We have relationships right now with about sixteen of the twenty-eight camps and we're reaching out more and more to get in touch with all of the camps and offer them what we think would be best to help them. Now that we have the (product and instrument) package together, We're trying to get in touch will all of the camps that we can, and see what we can do to help them and offer what we have.

 

So, you're starting with younger women who may not have had that experience in the store yet. Maybe they will be more open-minded than say, an adult that has had that experience already?

We put together this package, and it went through the Los Angeles Girls Rock camp and the Omaha Girls Rock Camp, and Tish of Daisy Rock, and we said, "Okay, what do you think?" And they gave us pros and cons of what would work better, and we tailored it to the camps. I'll give you a great example: We have our "GC Garage," which is our repairs department in every location. We want to send our guitar tech out to the camp for several hours on one of the days to teach the girls how to take care of their instruments. So, for some of the camps, they really loved the idea. But for others, they didn't think it was so important. So we send them our package and let each camp pick and choose.

The Girls Rock campers are the younger set, but they also have the volunteers, who are older. For every staff and volunteer, we give them a $20 gift card for the store -- since they are traditionally musicians. That way they can go in and get what they need, as well. It allows us to kind of reach out to a wide variety of females and hopefully get them into our stores and have a great experience and change the industry itself.

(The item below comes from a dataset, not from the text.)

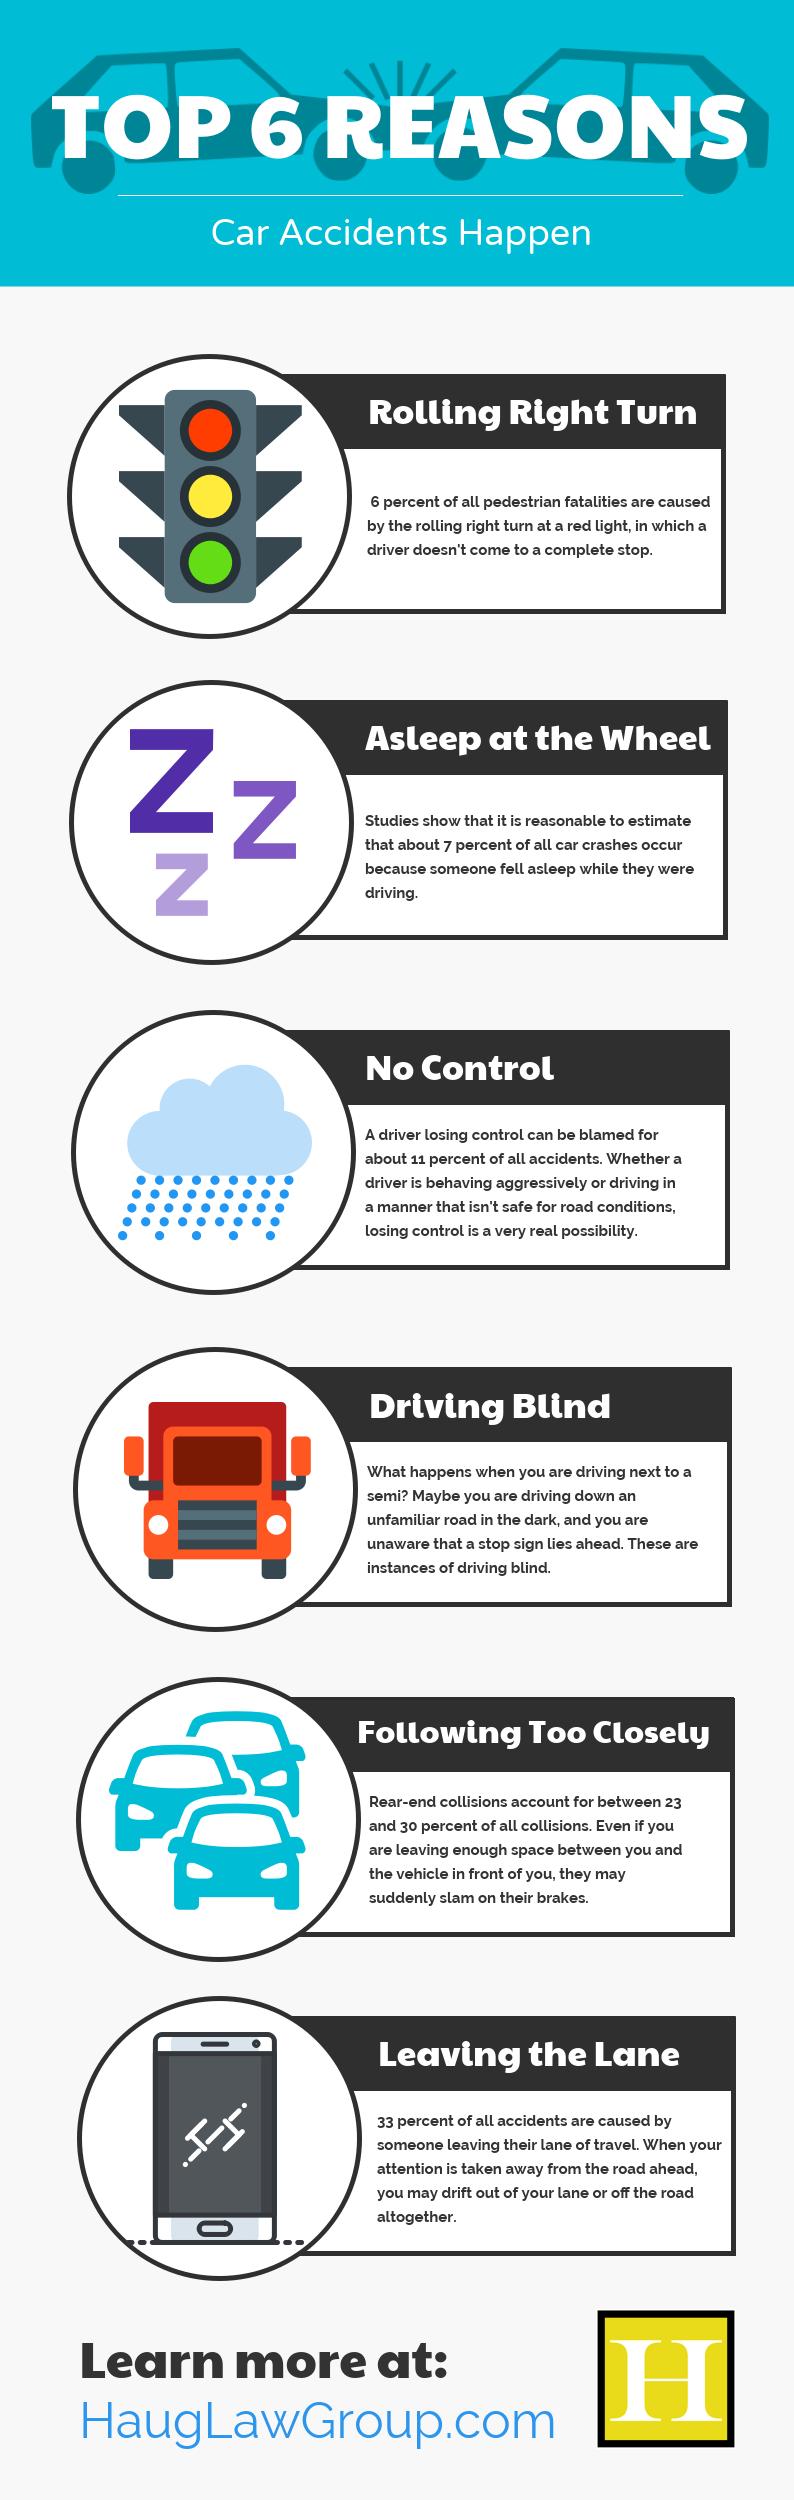 Top 6 reasons car accidents happen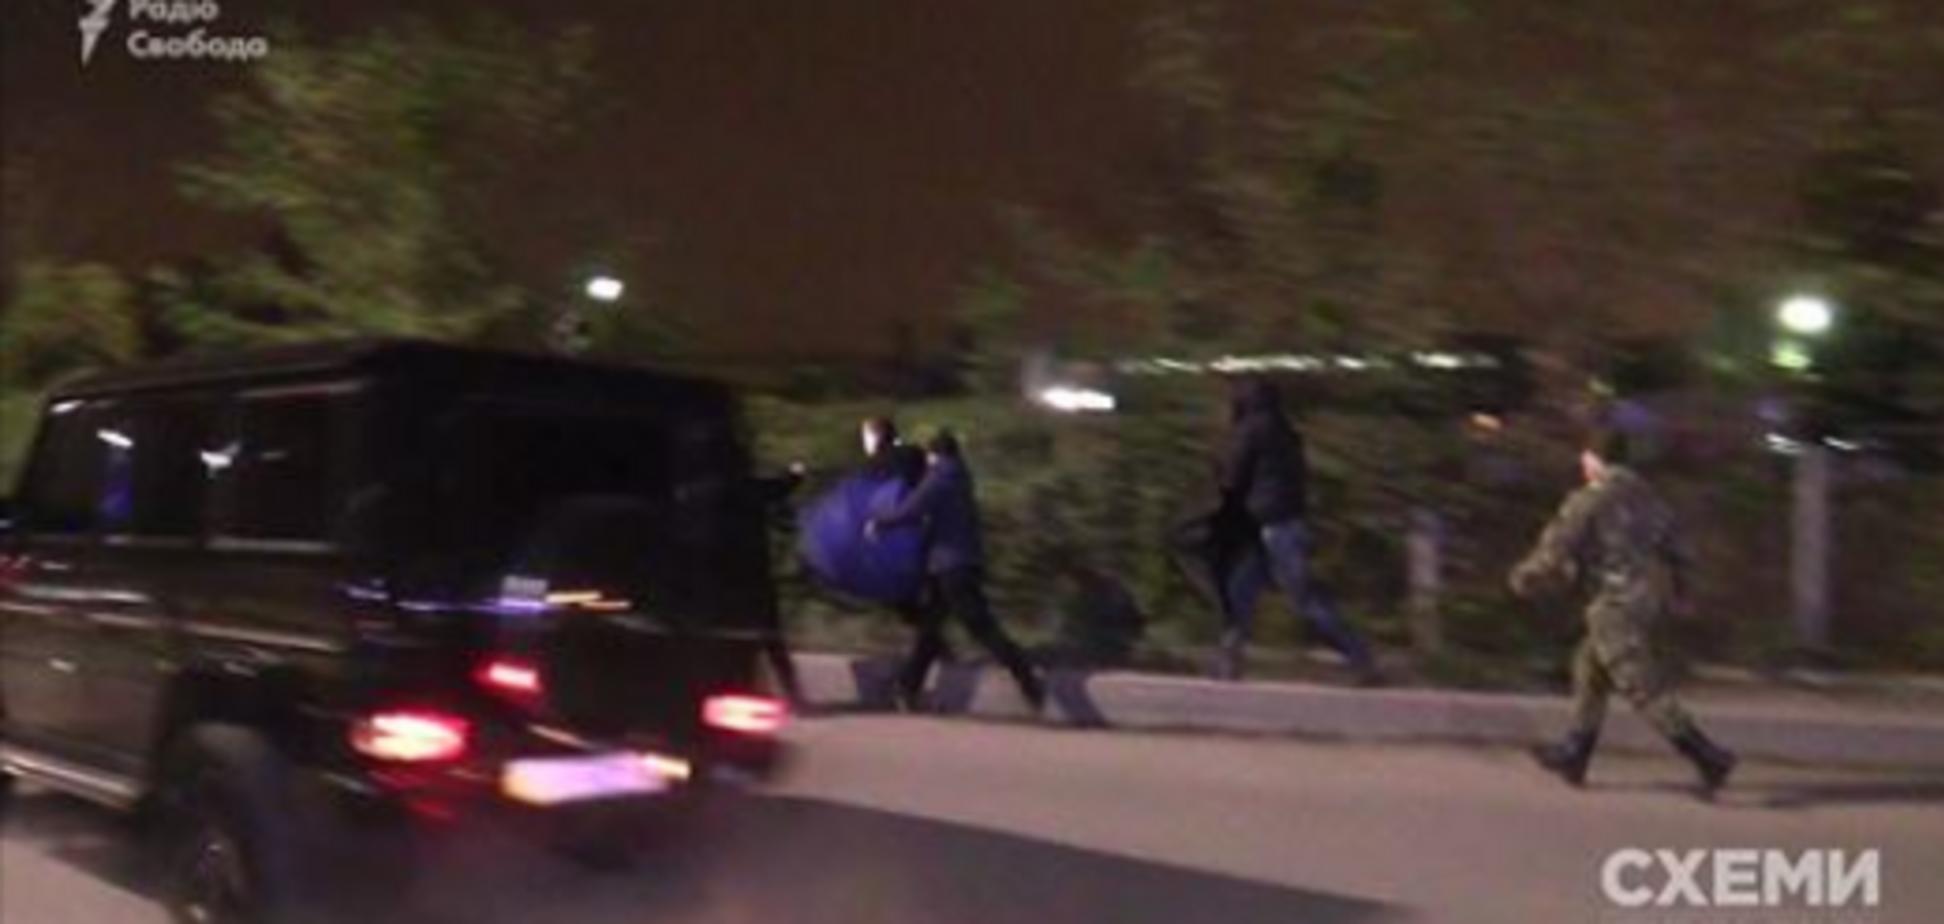 Охранники прилетевшего из РФ кума Путина избили журналистов: появились первые подробности

It will be the hardest to change people's perception, for sure.

And again, we don't assume that we know it all. We are really learning. We've been working on this initiative for just over a year now and just gaining the understanding and what steps we can take to change those things and really put training and awareness out there. I've gotten some comments from customers already saying they feel the difference. That is extremely rewarding.

But we certainly aren't even close to being where we want to be. We have a lot to do, and it is going to take a lot to change it. Perception is reality. It takes a lot of time to change that if you've had a bad experience. We want to change every person's bad experience. One at a time, we are going to change it. We just need the opportunity.

One of the Girls Rock Camps didn't want to join into this alliance with Guitar Center. They didn't want to take any of the opportunities we were able to give because they had had such bad experiences in our stores. We are still working with them to change that. But when we hear stuff like that -- and I've heard that pretty much verbatim from customers, that the experience is just awful -- you wouldn't want anyone to treat anybody that way.

Again, it is our industry. It is male-dominated. It always has been. In the 22 years I've been with Guitar Center -- which, I mean I'm 42, so most of my life I have been in this industry -- I've seen where it has evolved and where it hasn't, and where we need to go. I'm really excited, and I really do believe that we can make a difference and we are going to.